- What the exercise asks: Write out the listing below in its entirety, minus the pictures, without changing a word.

- Available data:

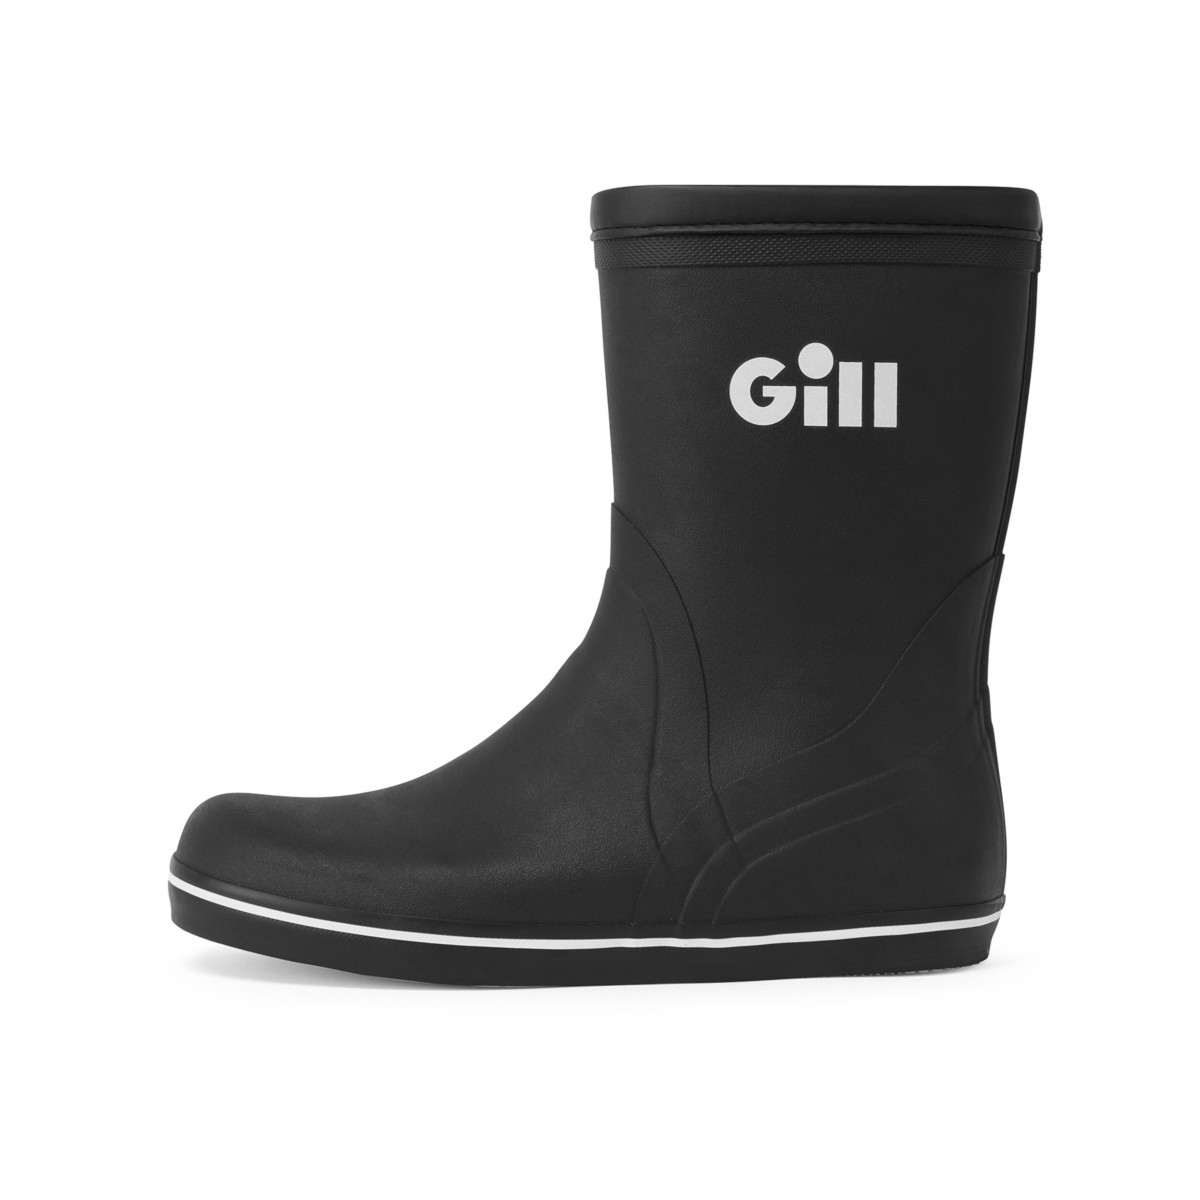 Gill Short Cruising Boot bottes en caoutchouc unisexe noir, taille 41
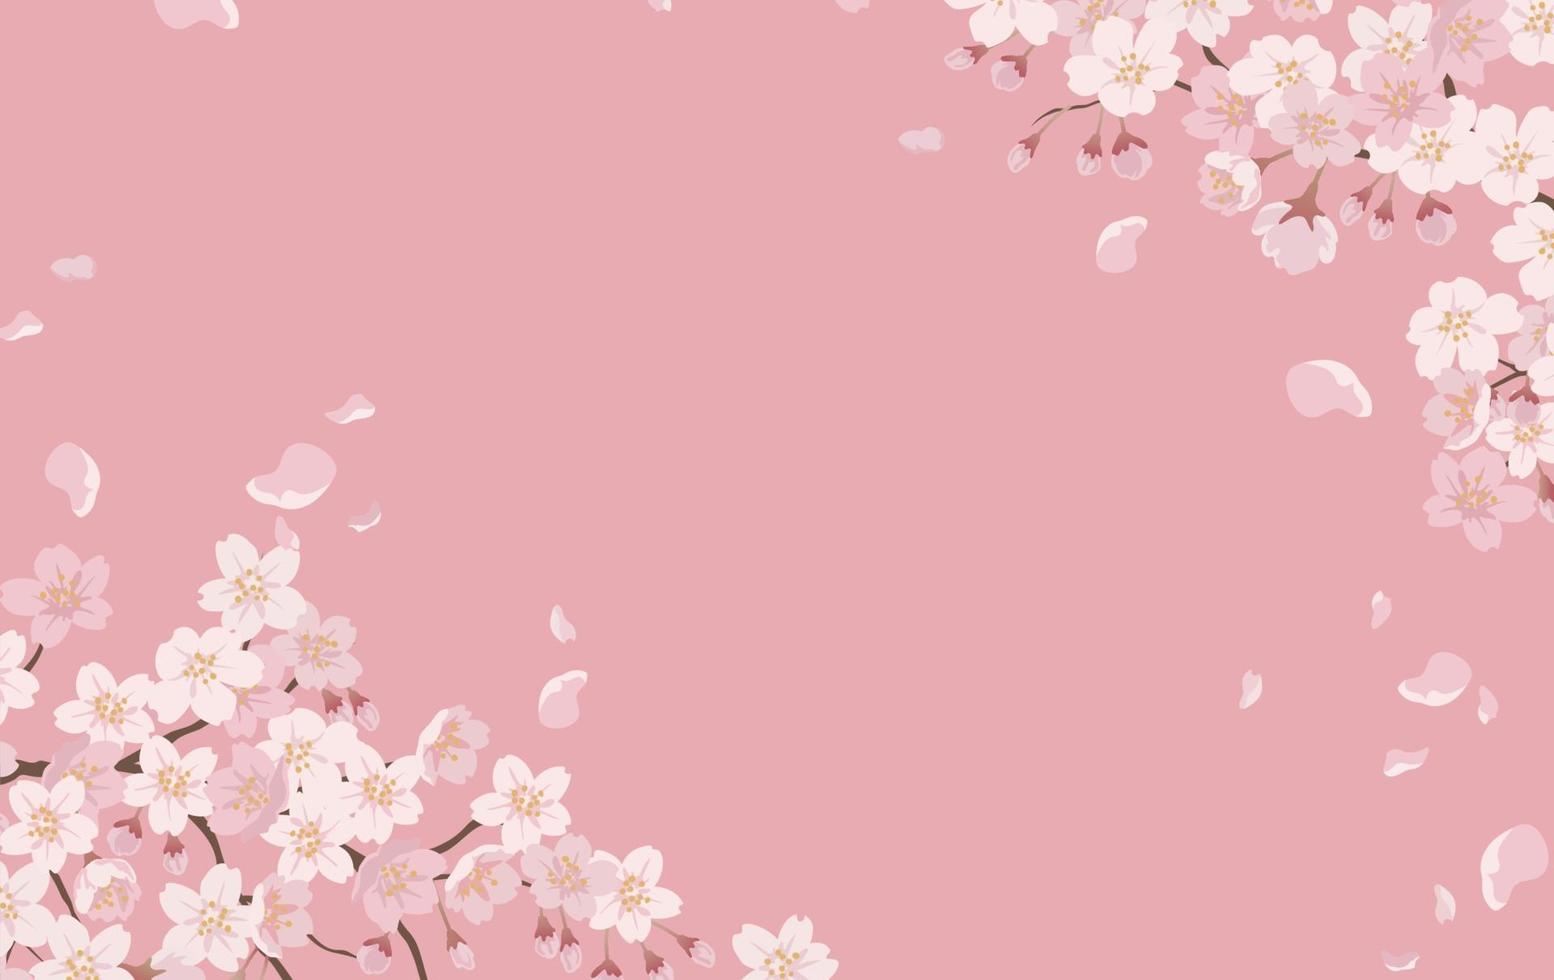 florale achtergrond met kersenbloesems in volle bloei op een roze achtergrond. vector
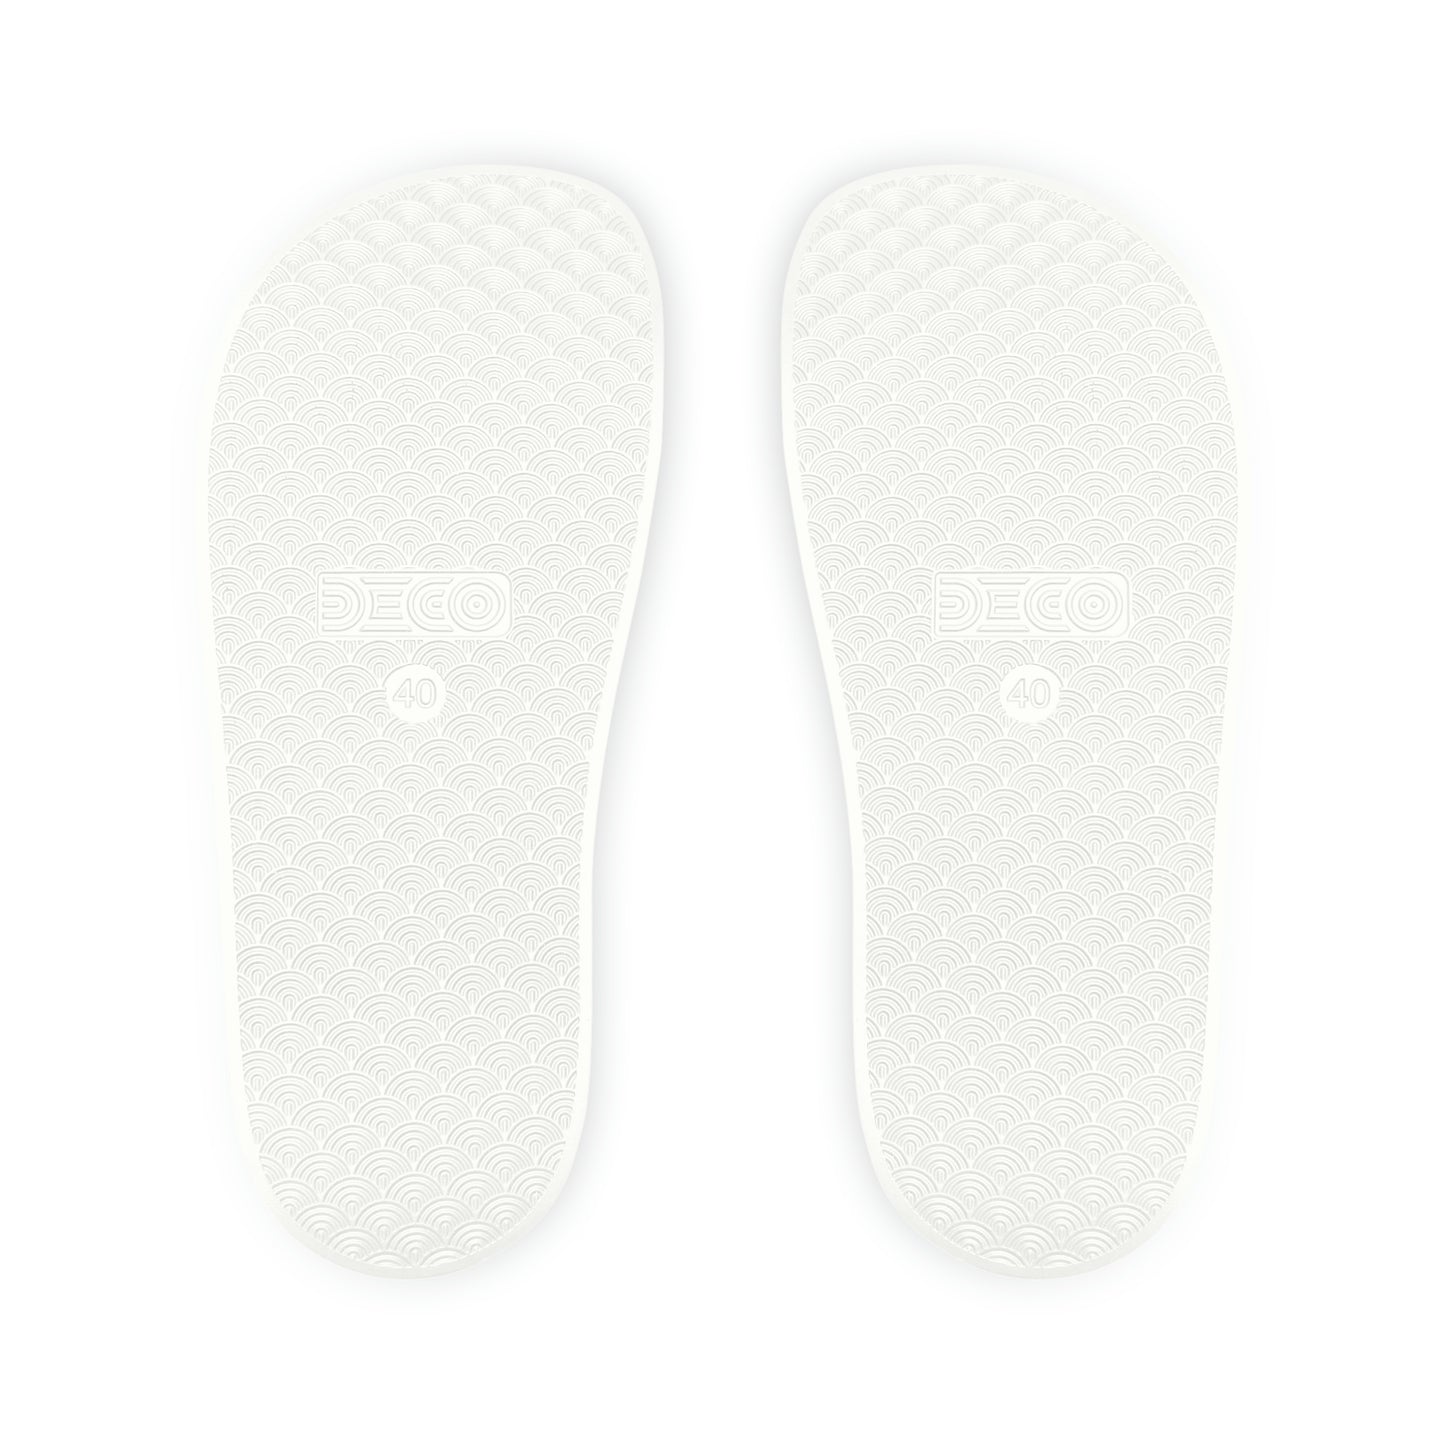 Phyoutoure Da 🐐 Men's  PU Slide Sandals
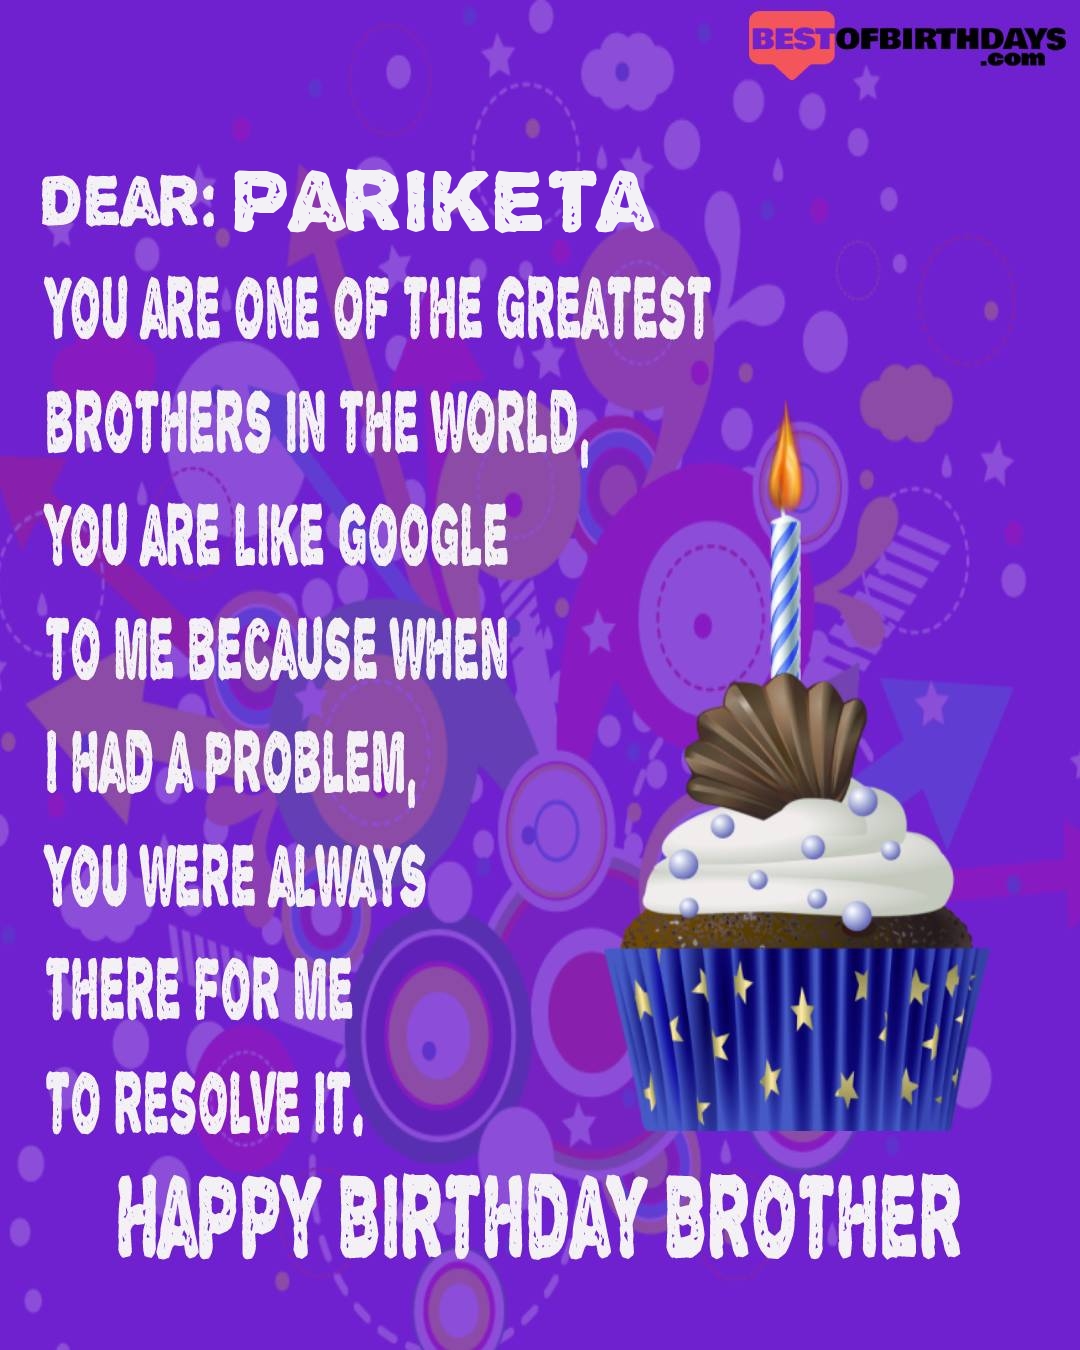 Happy birthday pariketa bhai brother bro

- Exercise output:
 Gill Short Cruising Boot bottes en caoutchouc unisexe noir, taille 41
 florale achtergrond met kersenbloesems in volle bloei op een roze achtergrond. vector
 Phyoutoure Da 🐐 Men's  PU Slide Sandals
 Happy birthday pariketa bhai brother bro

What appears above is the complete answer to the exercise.